Once you reach the line with "Bra for Plunging", copy it and every line after it exactly, up to the end of the data. Omit the pictures.

**THE DATA:**
□ □ □ □ □ □ □
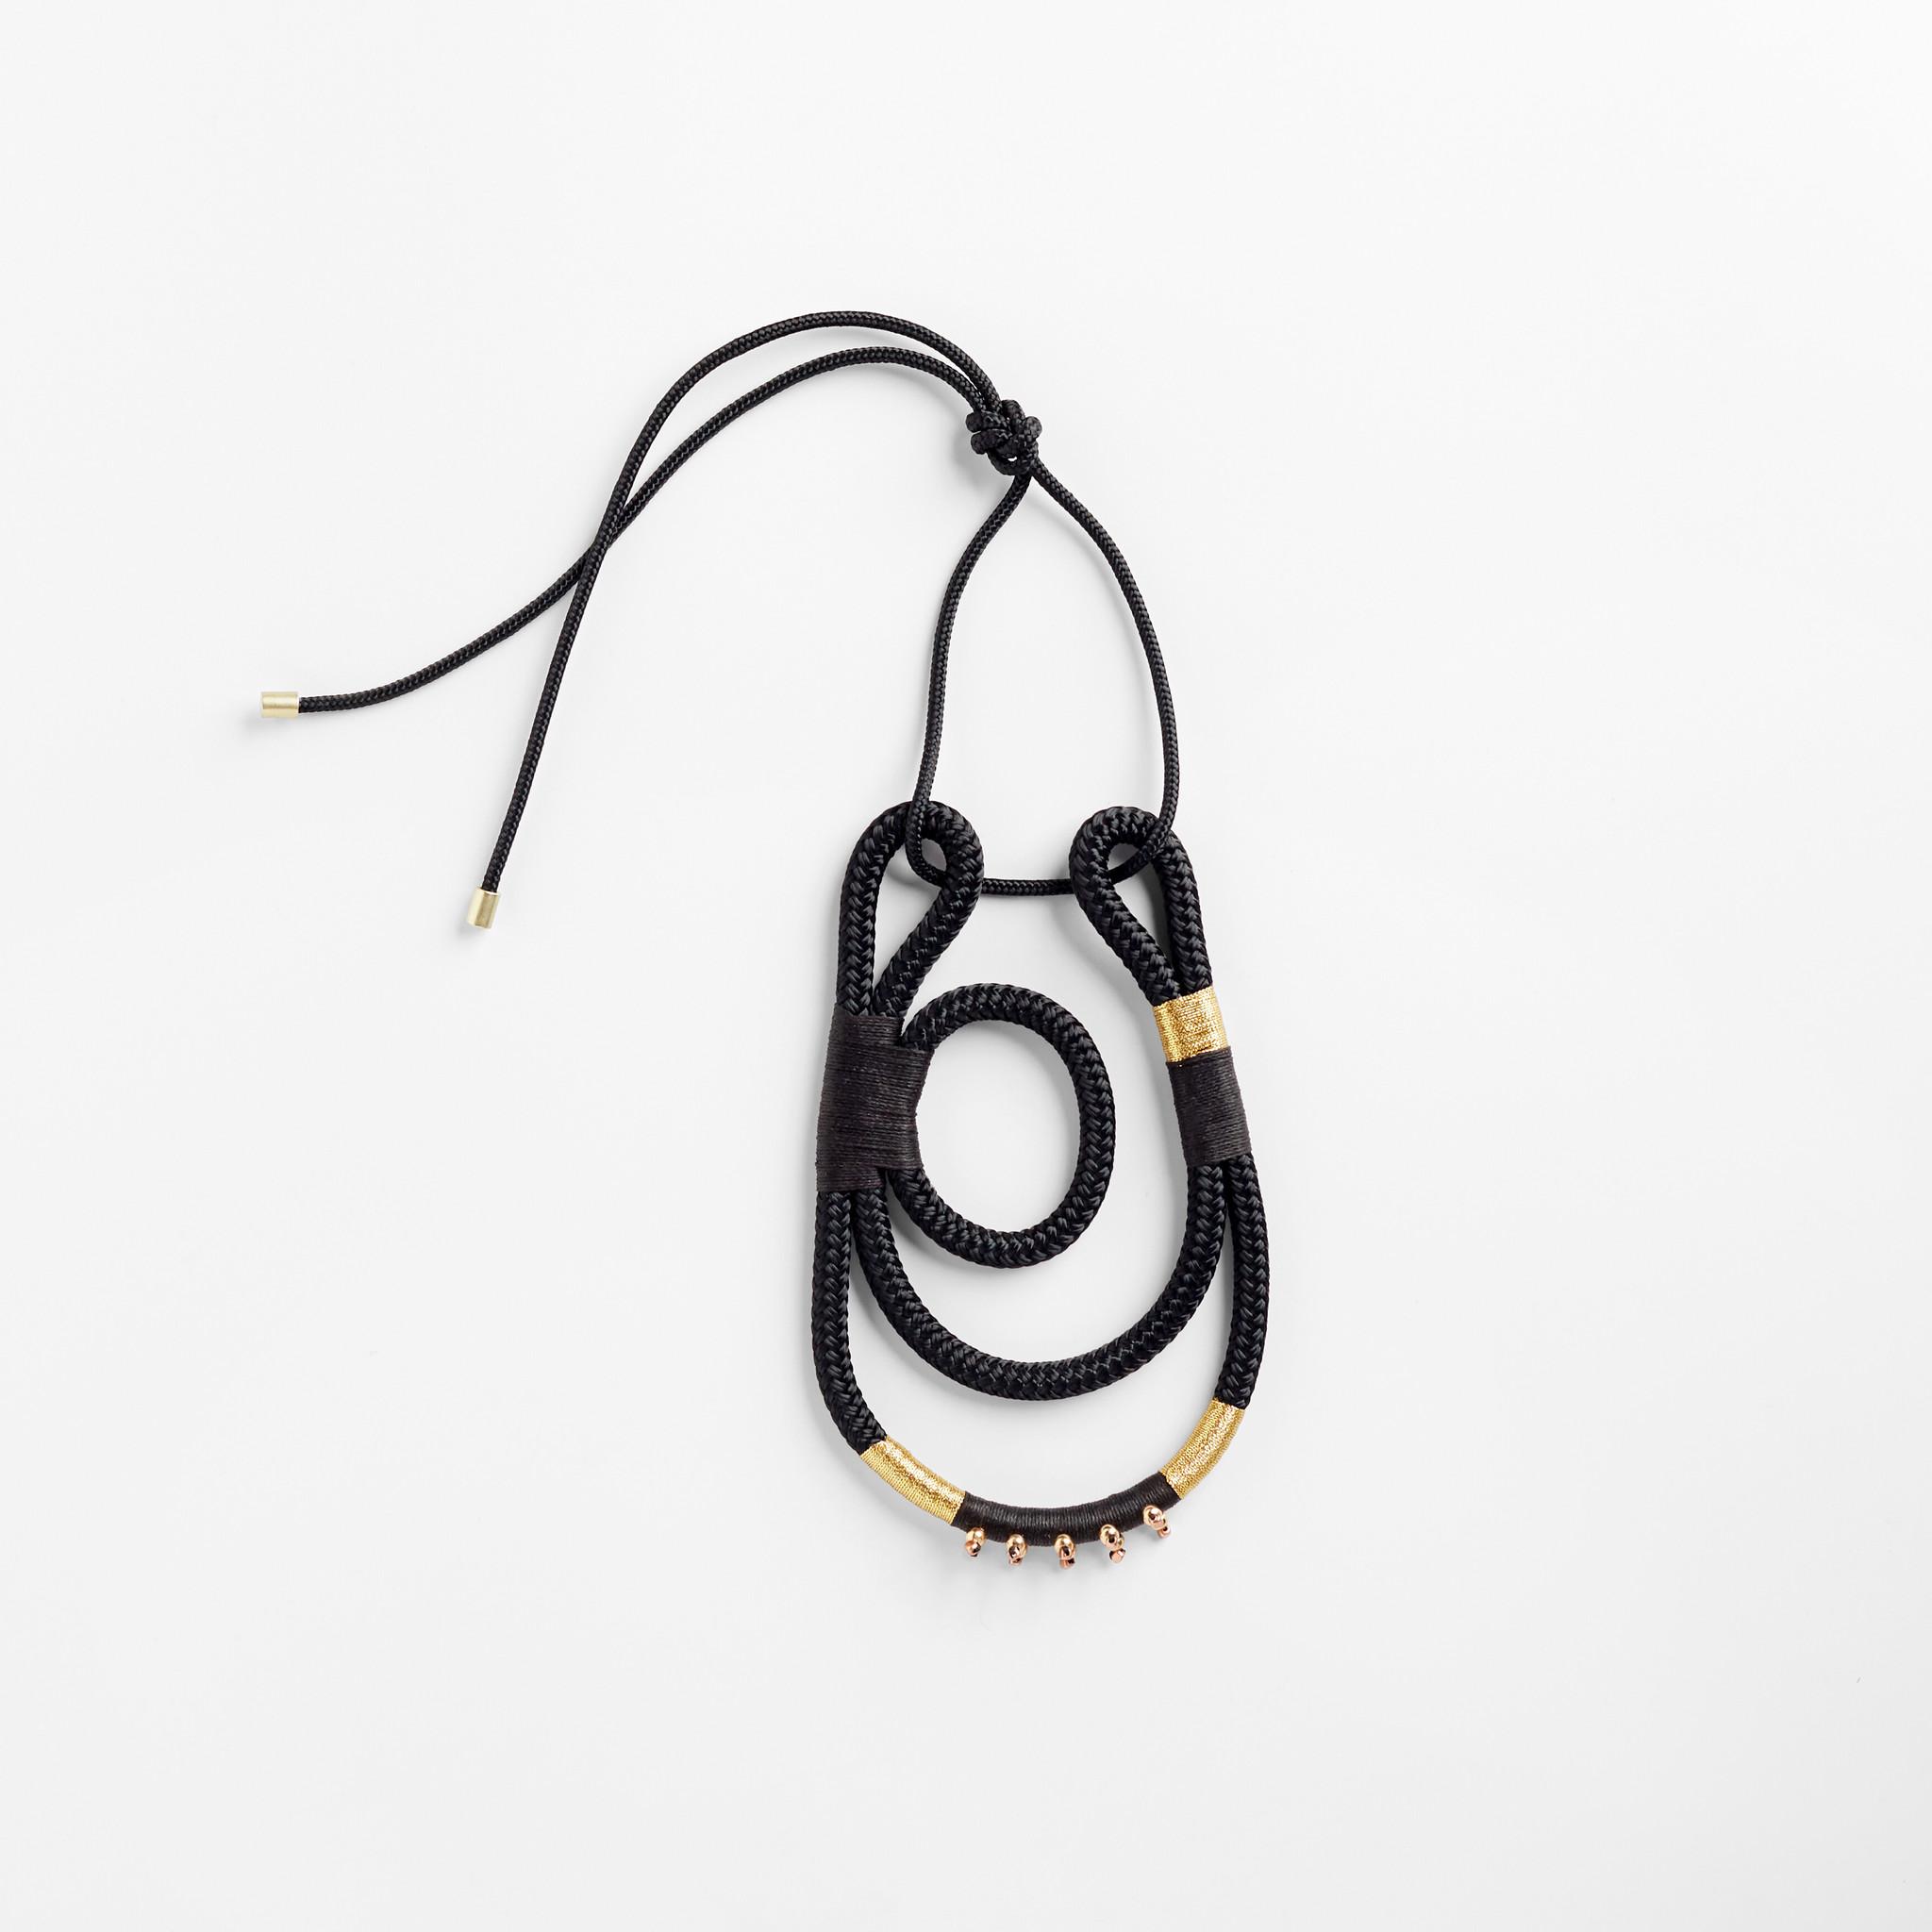 Pichulik Geisha Curve Necklace Black Gold
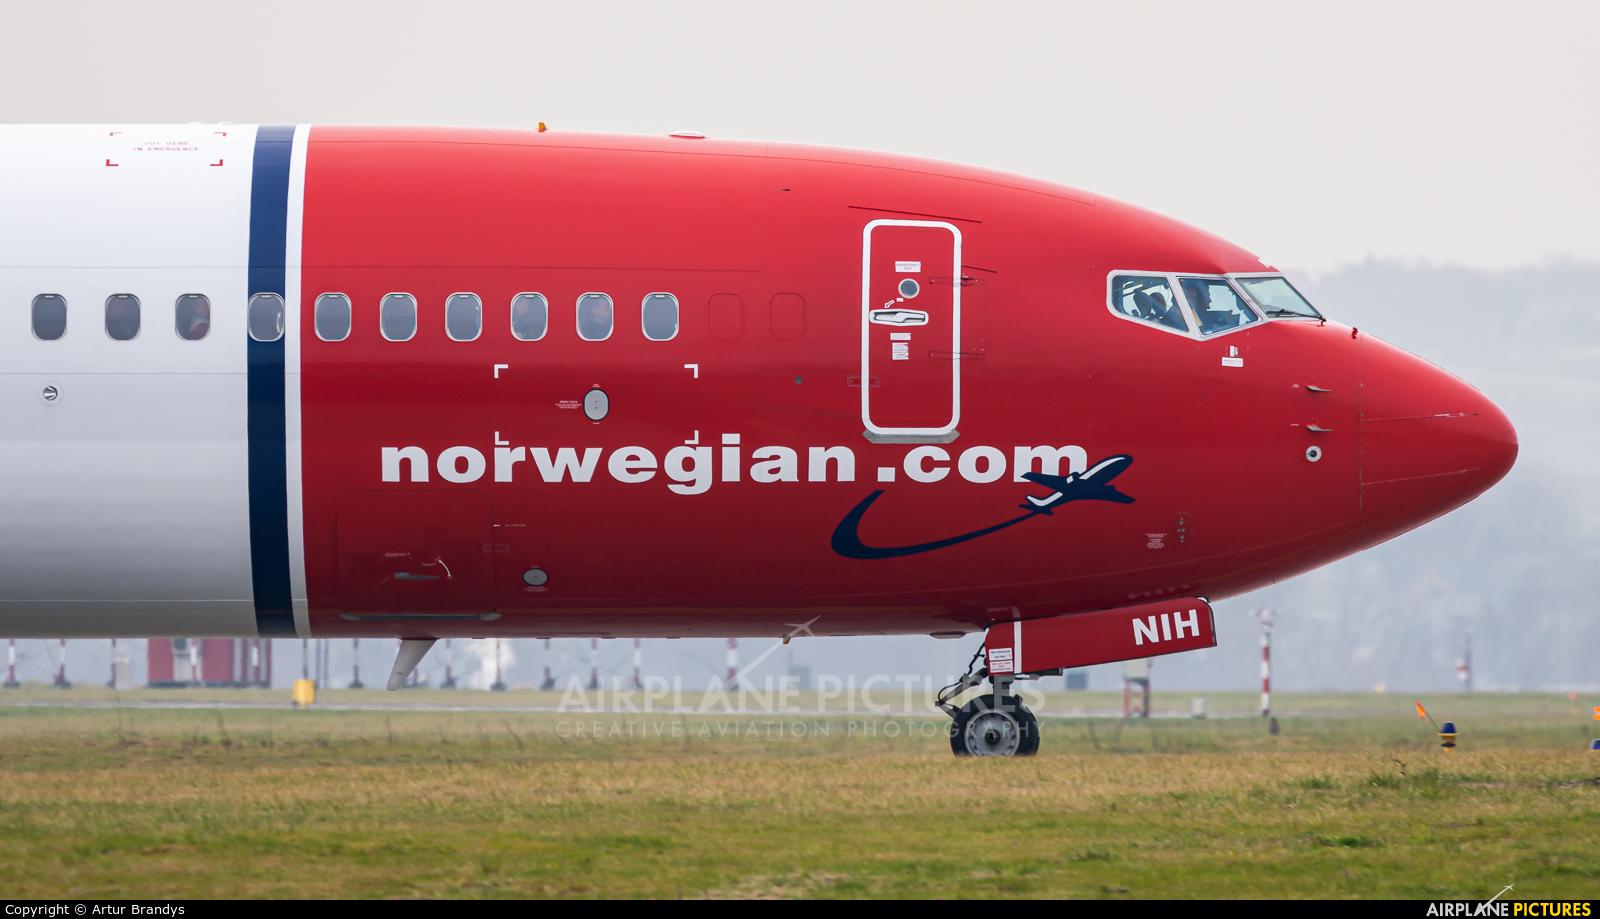 Norwegian Air Shuttle LN-NIH aircraft at Kraków - John Paul II Intl
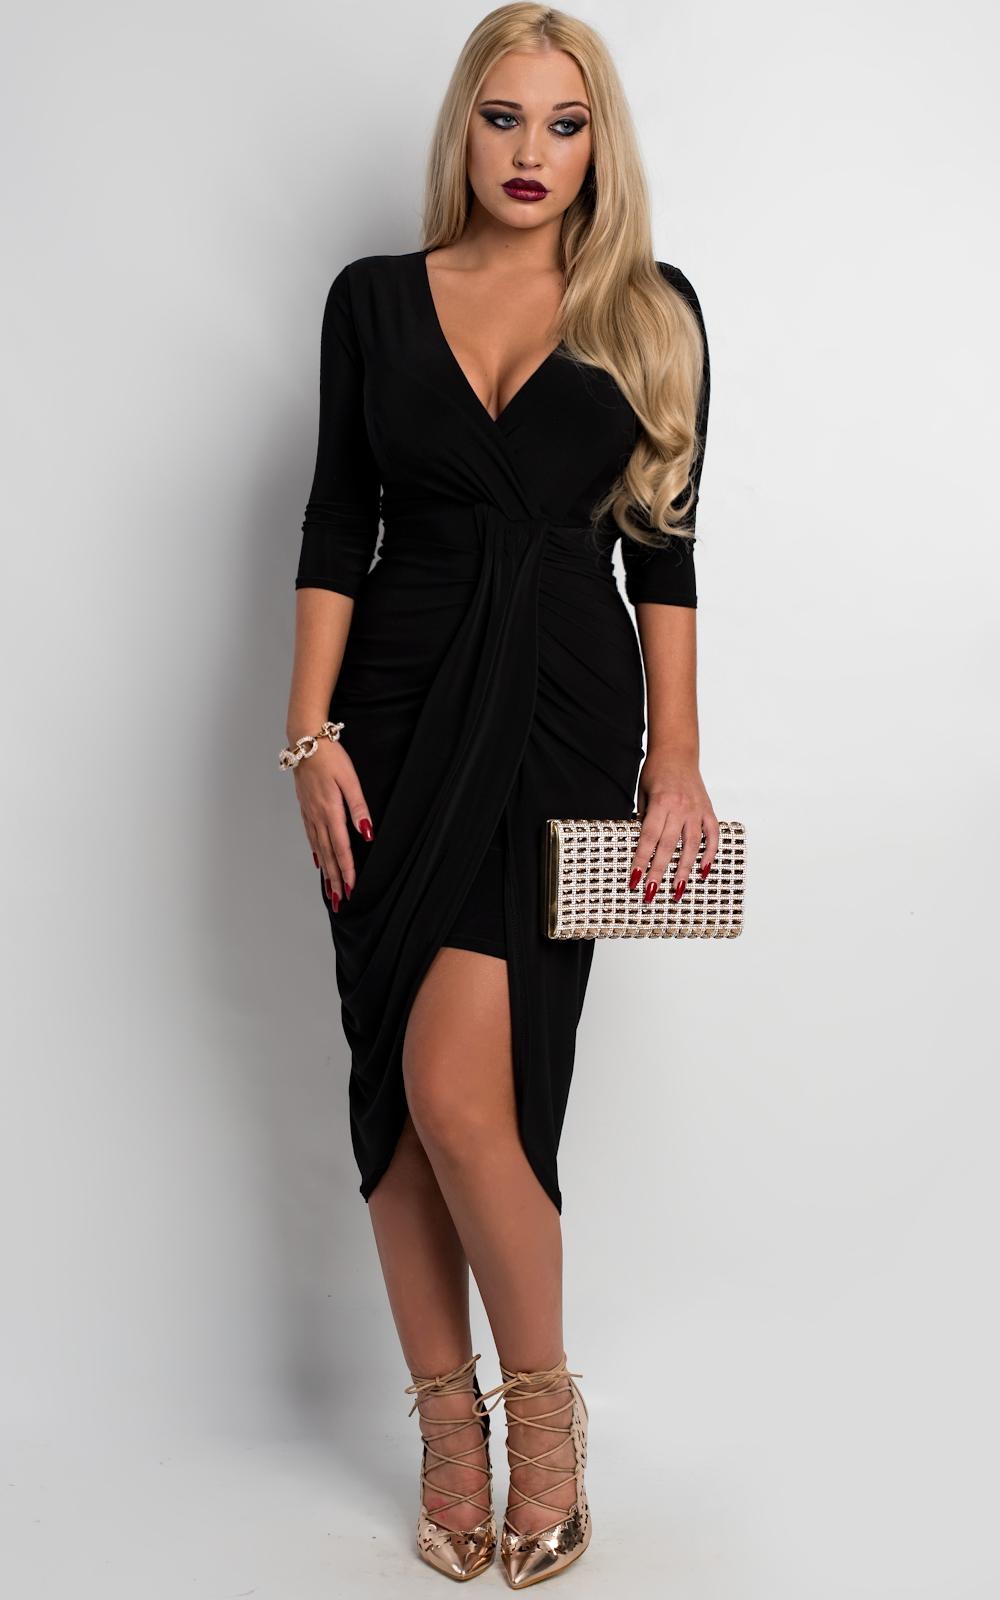 Bra for Plunging Neckline Dress | Deep Neckline Dress | Plunging Neckline Dress
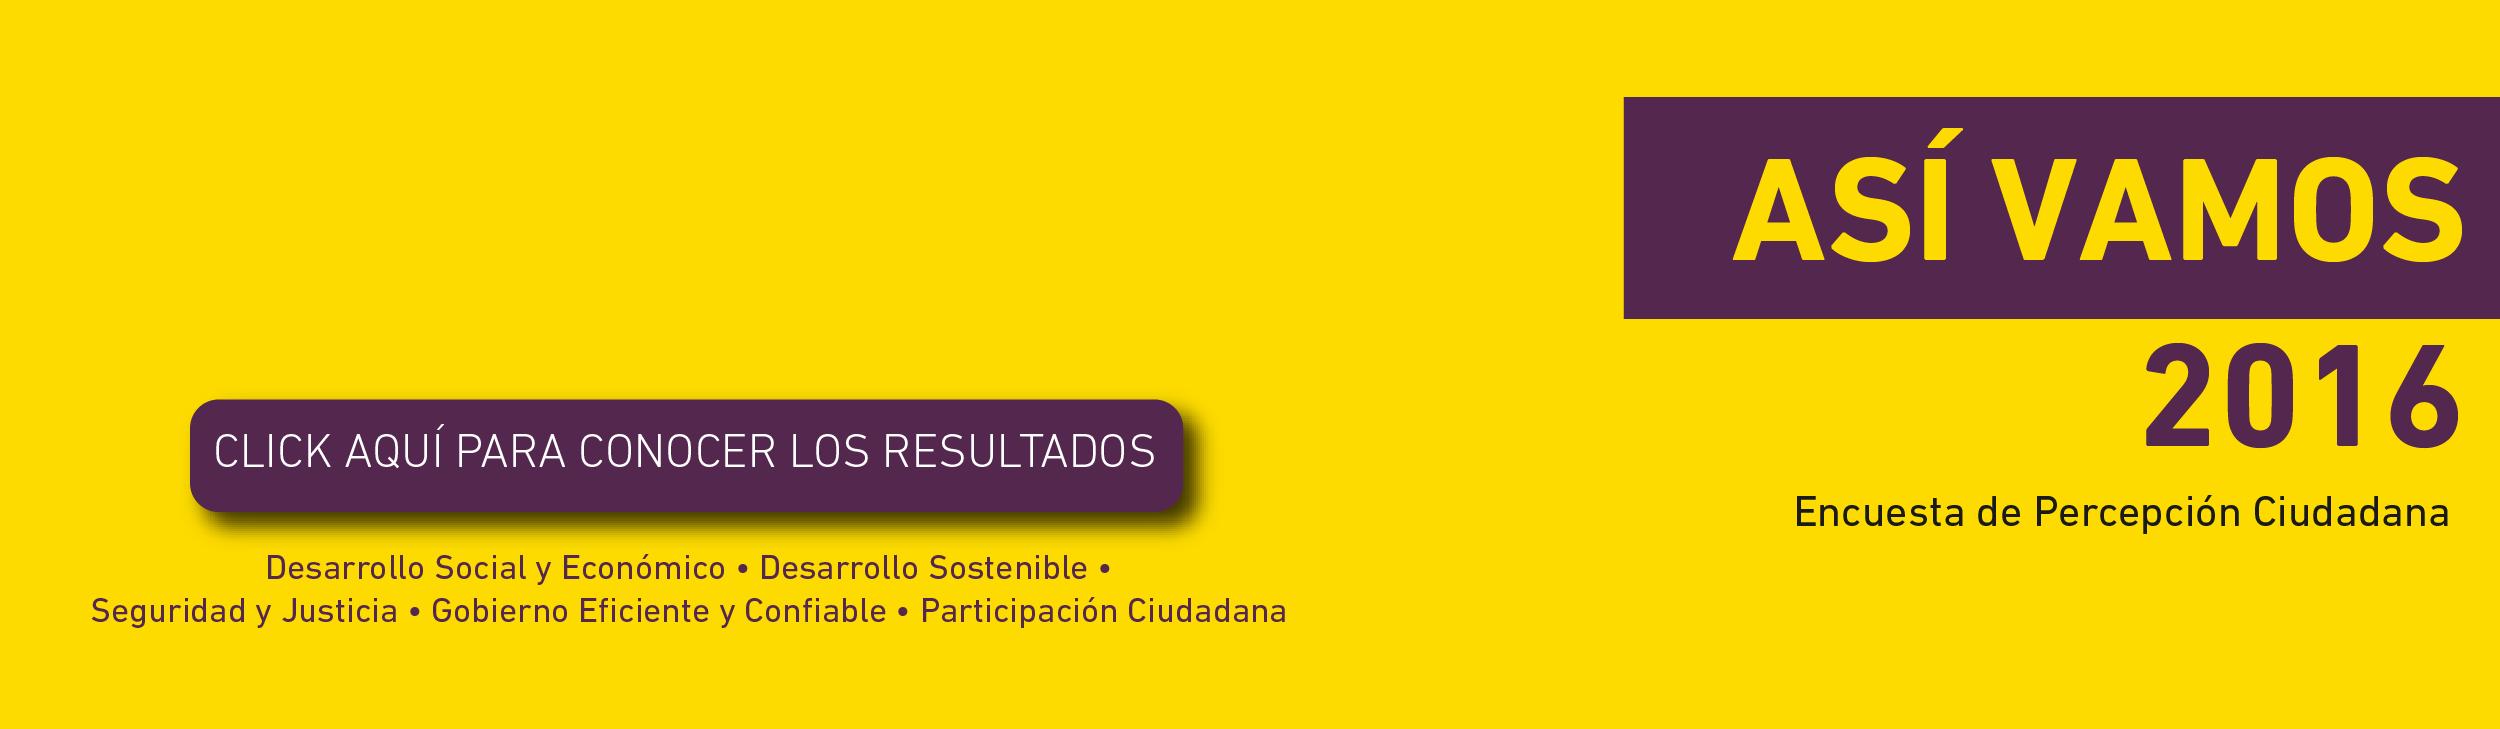 Slider asi%cc%81 vamos 2016 amarillo asi vamos 2016
□ □ □ □ □ □ □
**RESULT OF THIS TASK:**
 Bra for Plunging Neckline Dress | Deep Neckline Dress | Plunging Neckline Dress
 Slider asi%cc%81 vamos 2016 amarillo asi vamos 2016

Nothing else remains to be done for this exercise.